Segment Open

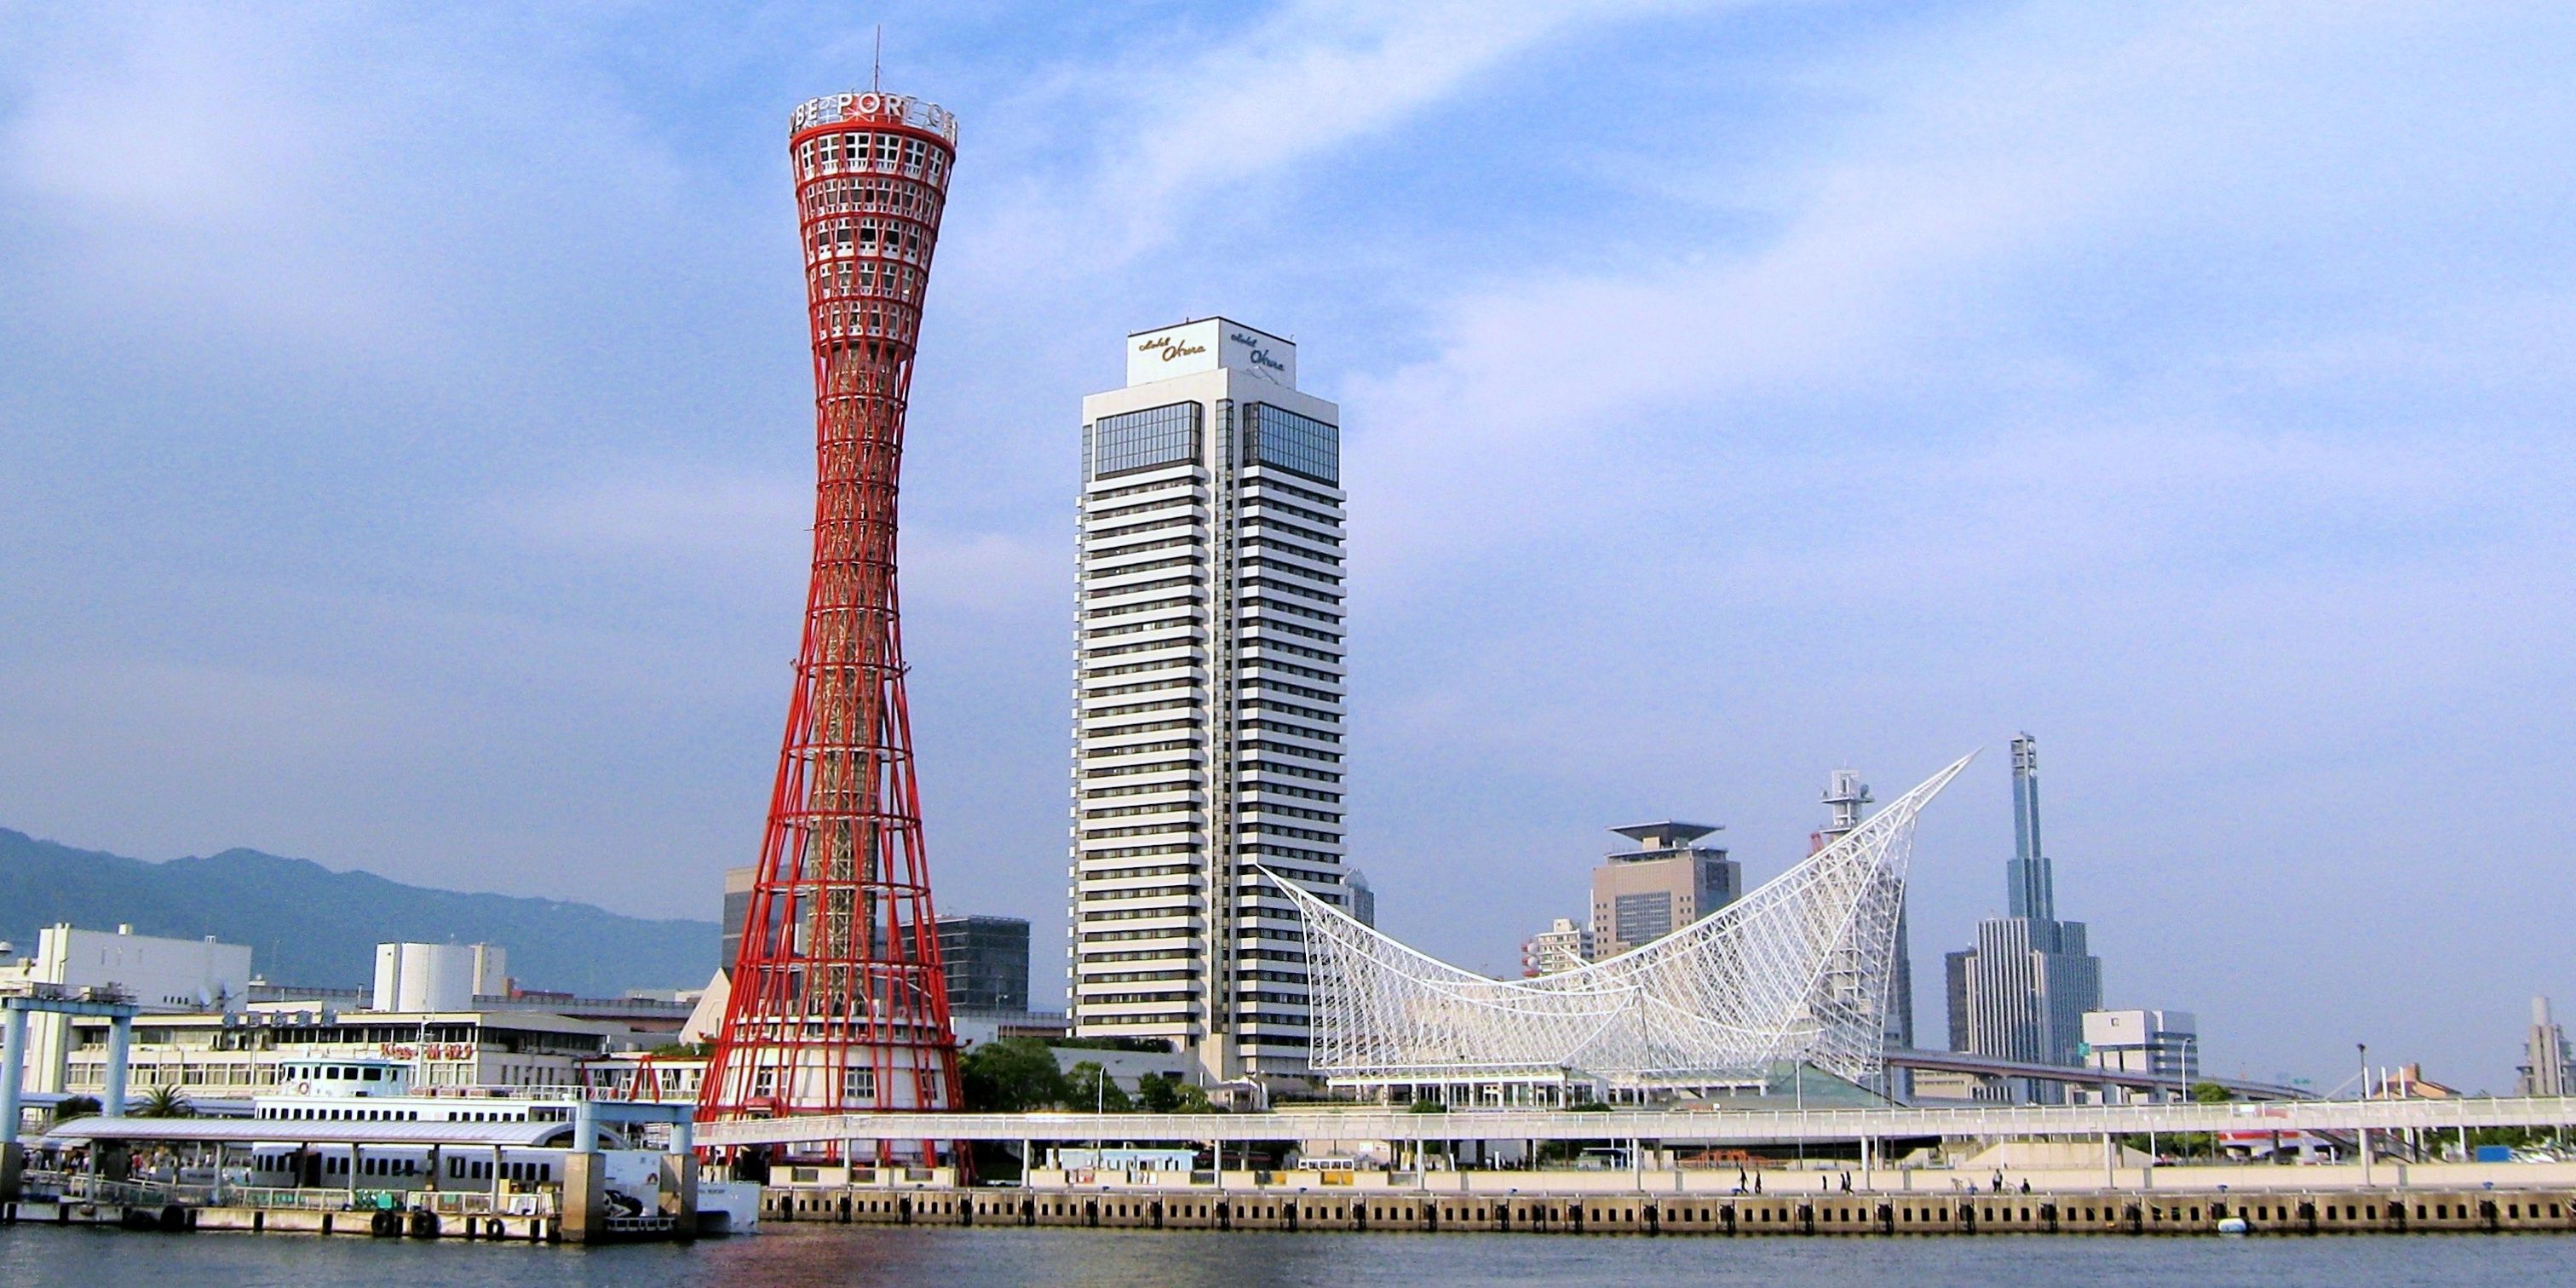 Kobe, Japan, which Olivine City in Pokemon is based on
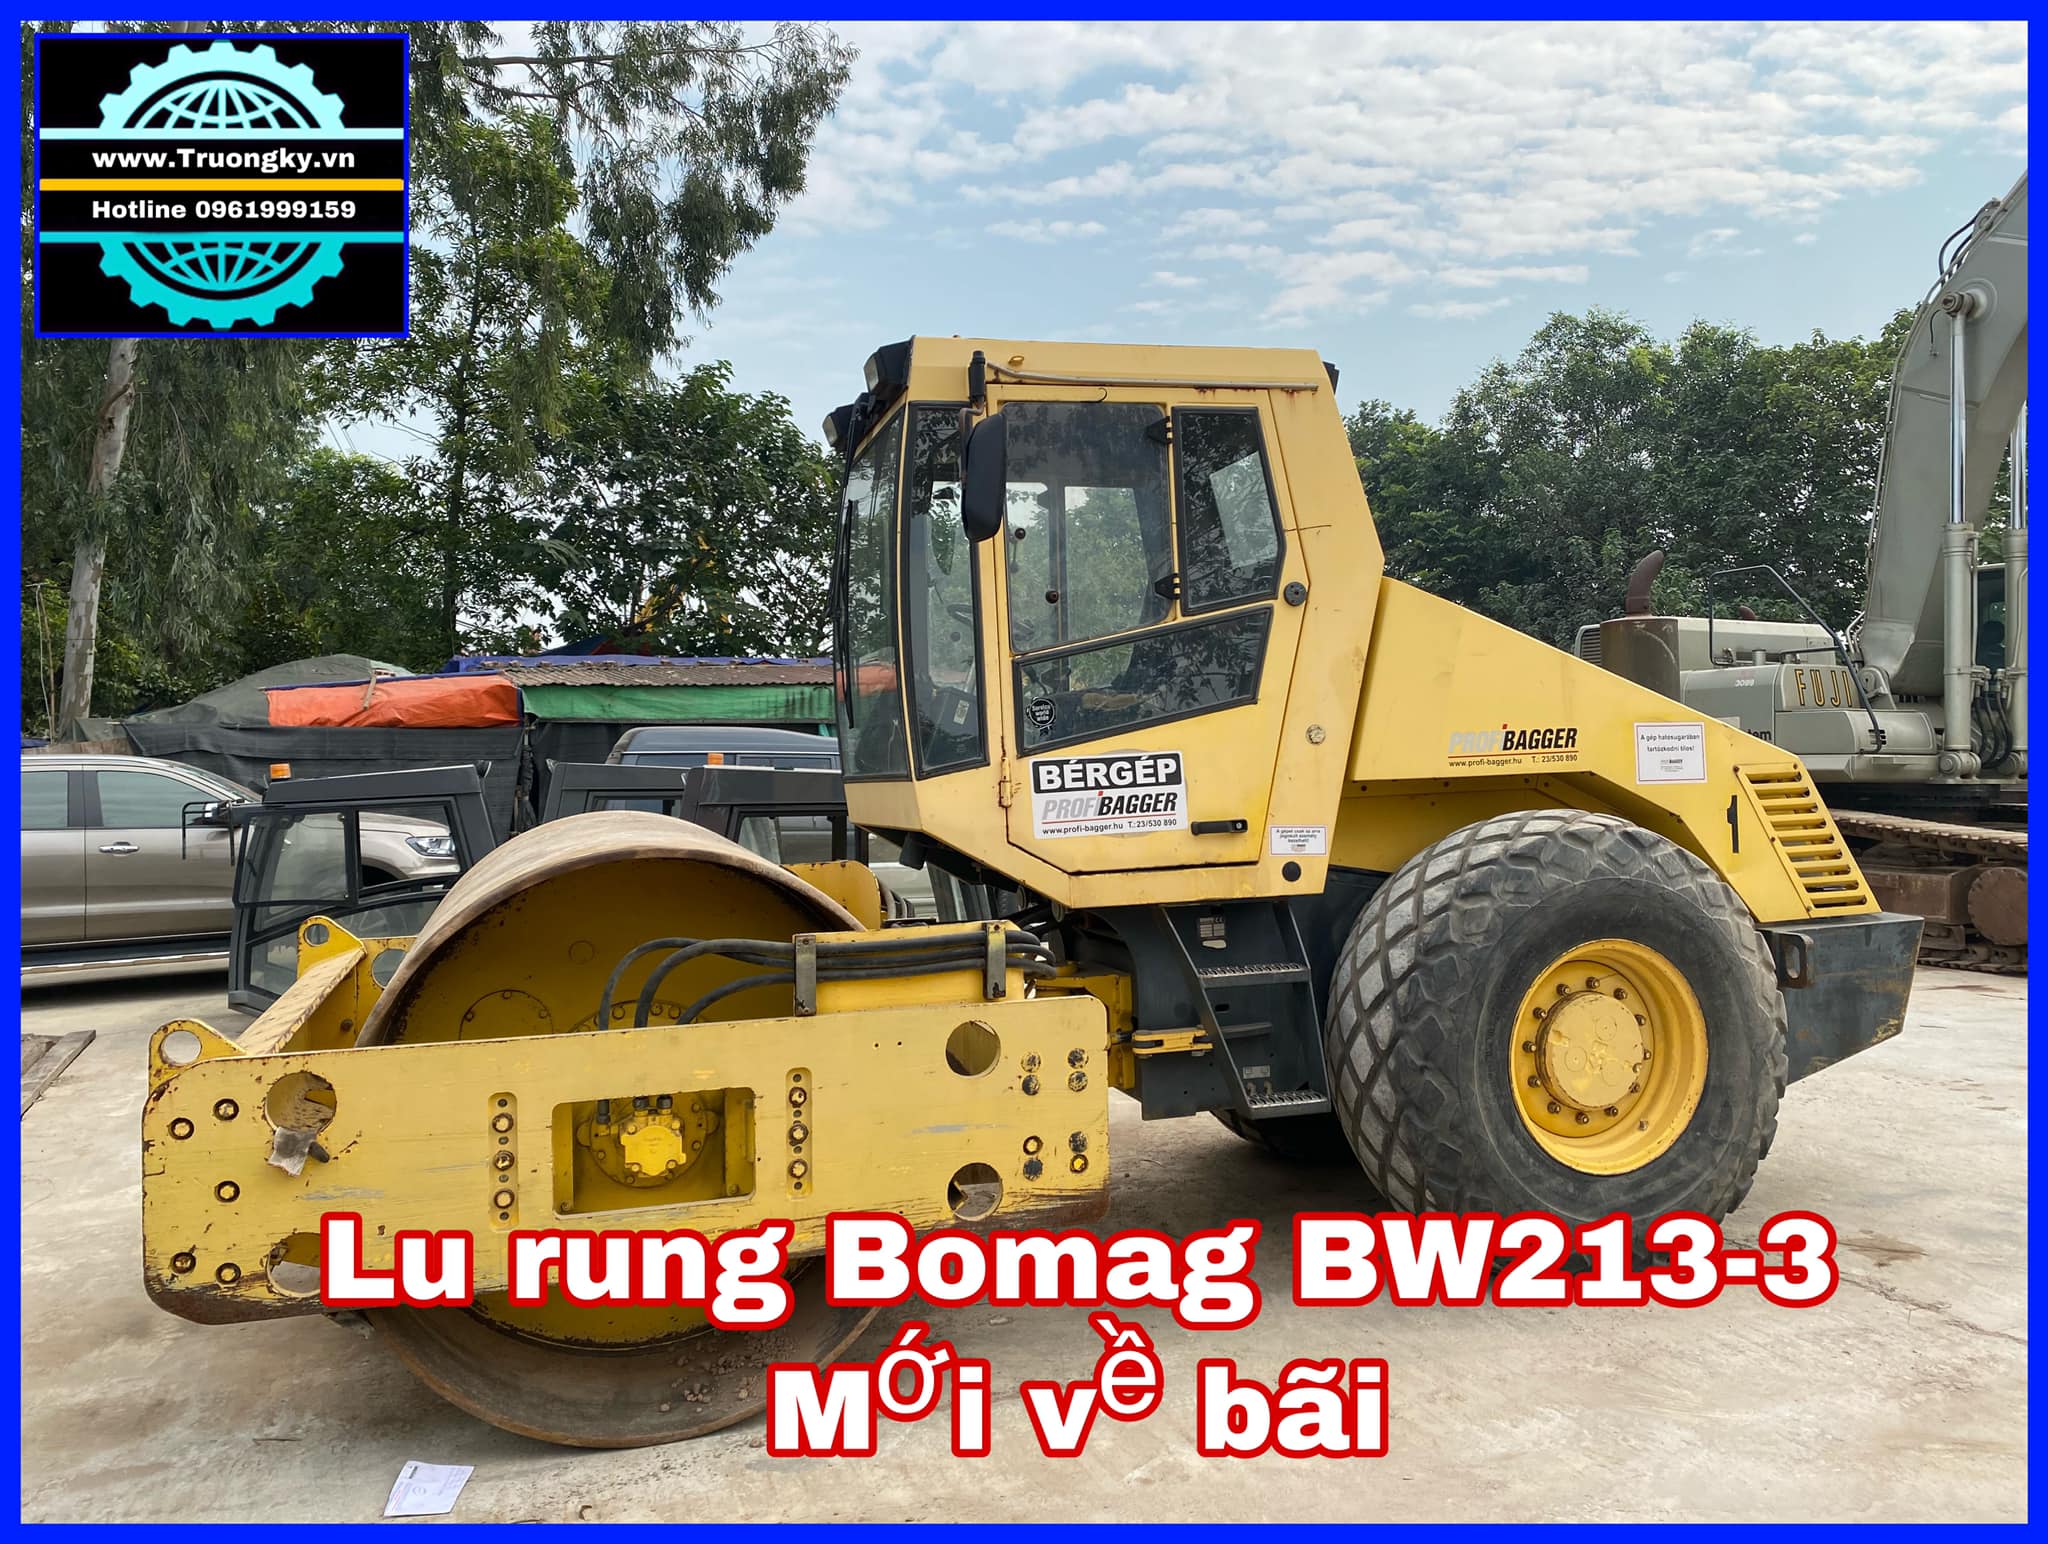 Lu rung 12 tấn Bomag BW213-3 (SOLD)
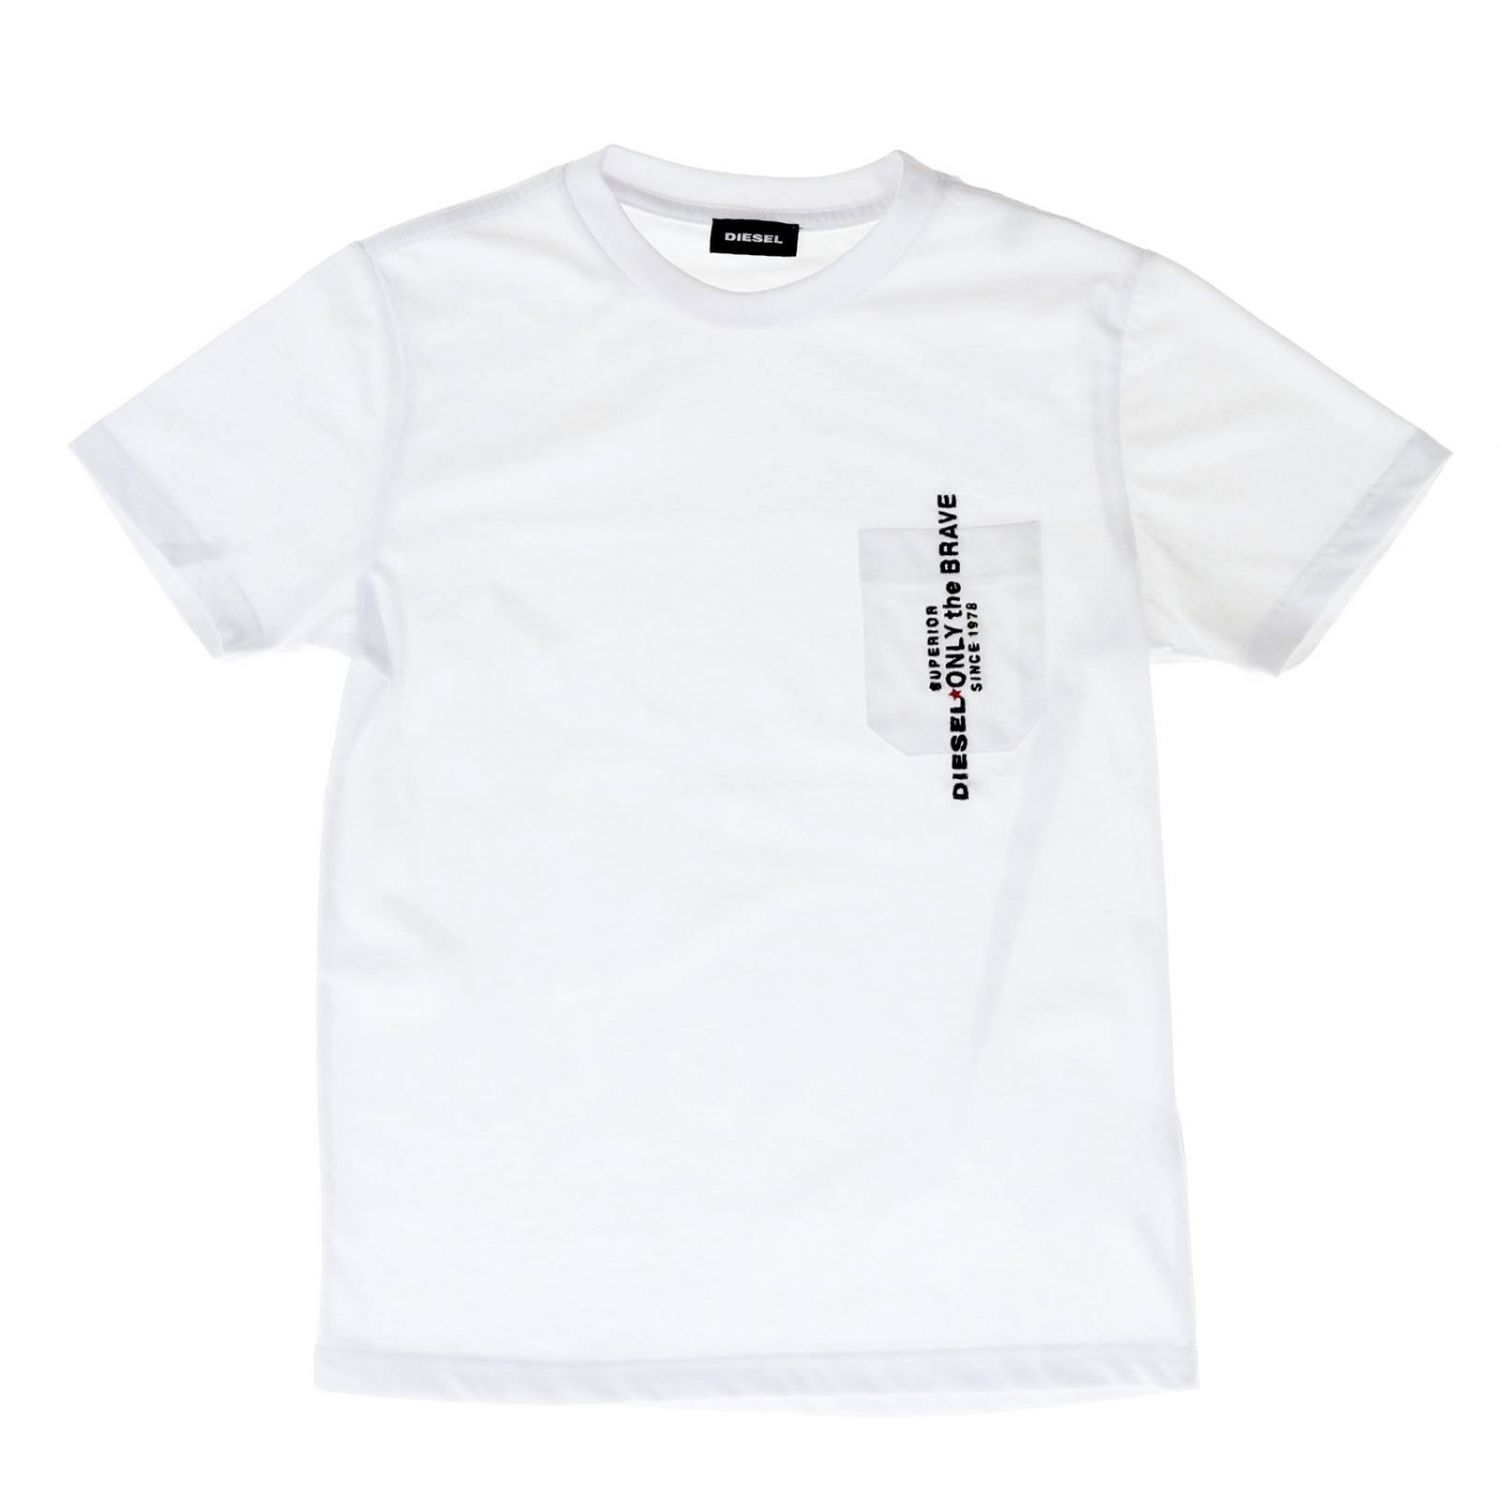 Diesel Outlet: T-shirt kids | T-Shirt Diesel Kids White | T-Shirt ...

Segment Closed

_TASK_.
With the pictures omitted, reproduce the data above exactly.

_RESPONSE TO THE TASK_.
 Kobe, Japan, which Olivine City in Pokemon is based on
 Lu rung 12 tấn Bomag BW213-3 (SOLD)
 Diesel Outlet: T-shirt kids | T-Shirt Diesel Kids White | T-Shirt ...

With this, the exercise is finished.